# Two Matrices are Nonsingular if and only if the Product is Nonsingular ## Problem 562

An $n\times n$ matrix $A$ is called nonsingular if the only vector $\mathbf{x}\in \R^n$ satisfying the equation $A\mathbf{x}=\mathbf{0}$ is $\mathbf{x}=\mathbf{0}$.
Using the definition of a nonsingular matrix, prove the following statements.

(a) If $A$ and $B$ are $n\times n$ nonsingular matrix, then the product $AB$ is also nonsingular.

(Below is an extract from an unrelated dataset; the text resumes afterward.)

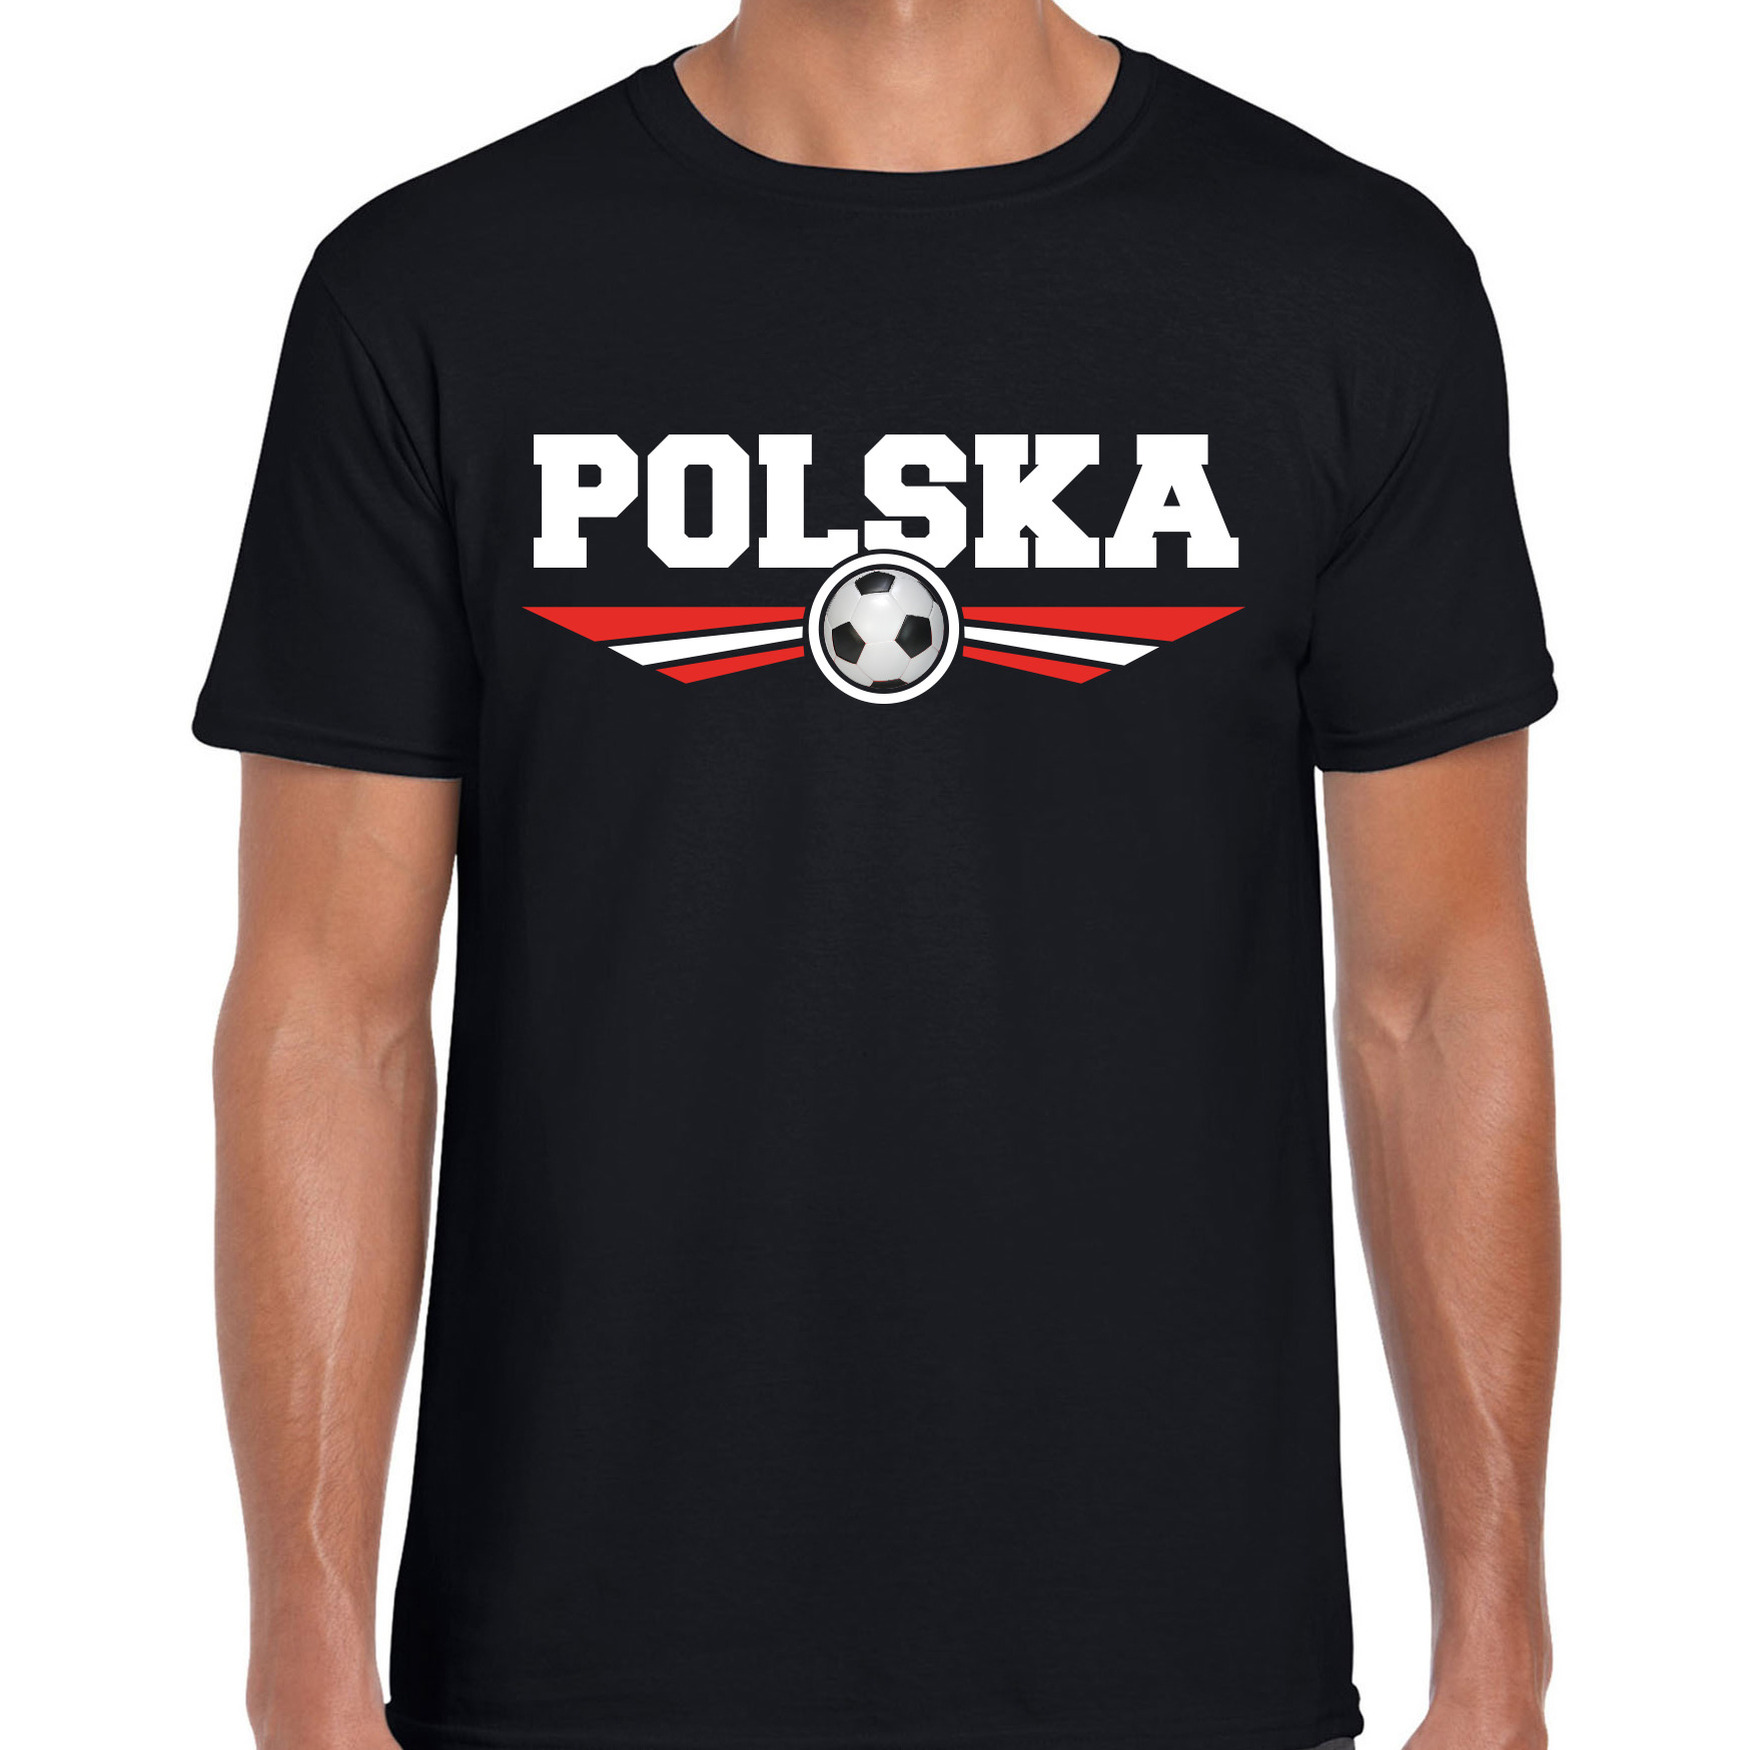 Polen-Polska landen-voetbal t-shirt zwart heren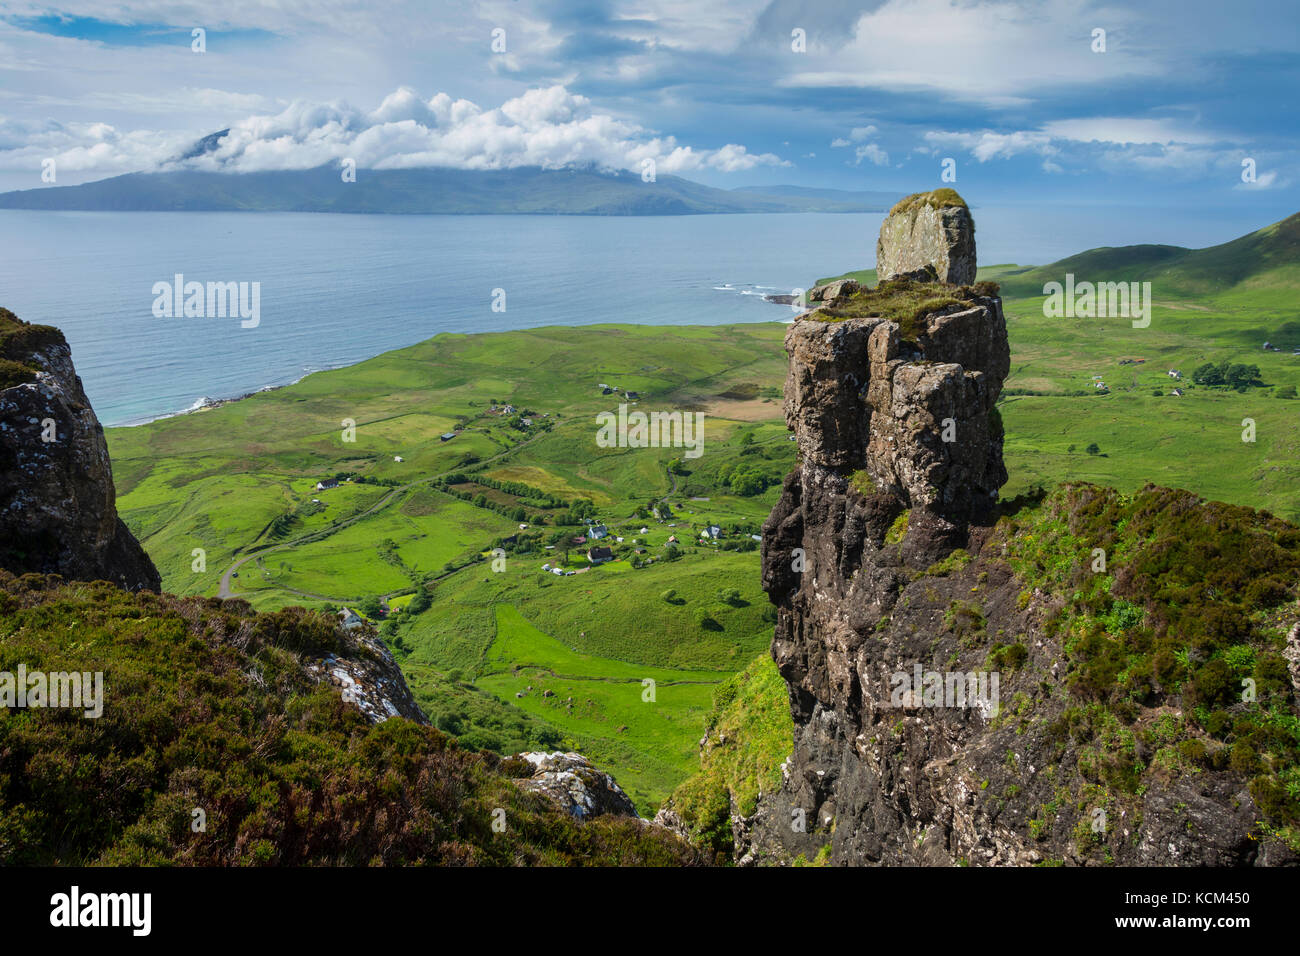 The Isle of Rum from the pinnacle of Bidean an Tighearna (God's Finger) on the western edge of the Beinn Bhuidhe plateau, Isle of Eigg, Scotland, UK Stock Photo

(b) Let $A$ and $B$ be $n\times n$ matrices and suppose that the product $AB$ is nonsingular. Then:

1. The matrix $B$ is nonsingular.
2. The matrix $A$ is nonsingular. (You may use the fact that a nonsingular matrix is invertible.) Add to solve later

## Proof.

### (a) If $A$ and $B$ are $n\times n$ nonsingular matrix, then the product $AB$ is also nonsingular.

Let $\mathbf{v}\in \R^n$ and suppose that $(AB)\mathbf{x}=\mathbf{0}$.
Our goal is to prove that $\mathbf{x}=\mathbf{0}$.
Let $\mathbf{y}:=B\mathbf{x} \in \R^n$. Then we have
\begin{align*}
A\mathbf{y}=A(B\mathbf{x})=(AB)\mathbf{x}=\mathbf{0}.
\end{align*}
Since $A$ is nonsingular, this implies that the vector $\mathbf{y}=\mathbf{0}$.
Hence we have $\mathbf{y}=B\mathbf{x}=\mathbf{0}$.
Since $B$ is nonsingular, this further implies that $\mathbf{x}=\mathbf{0}$.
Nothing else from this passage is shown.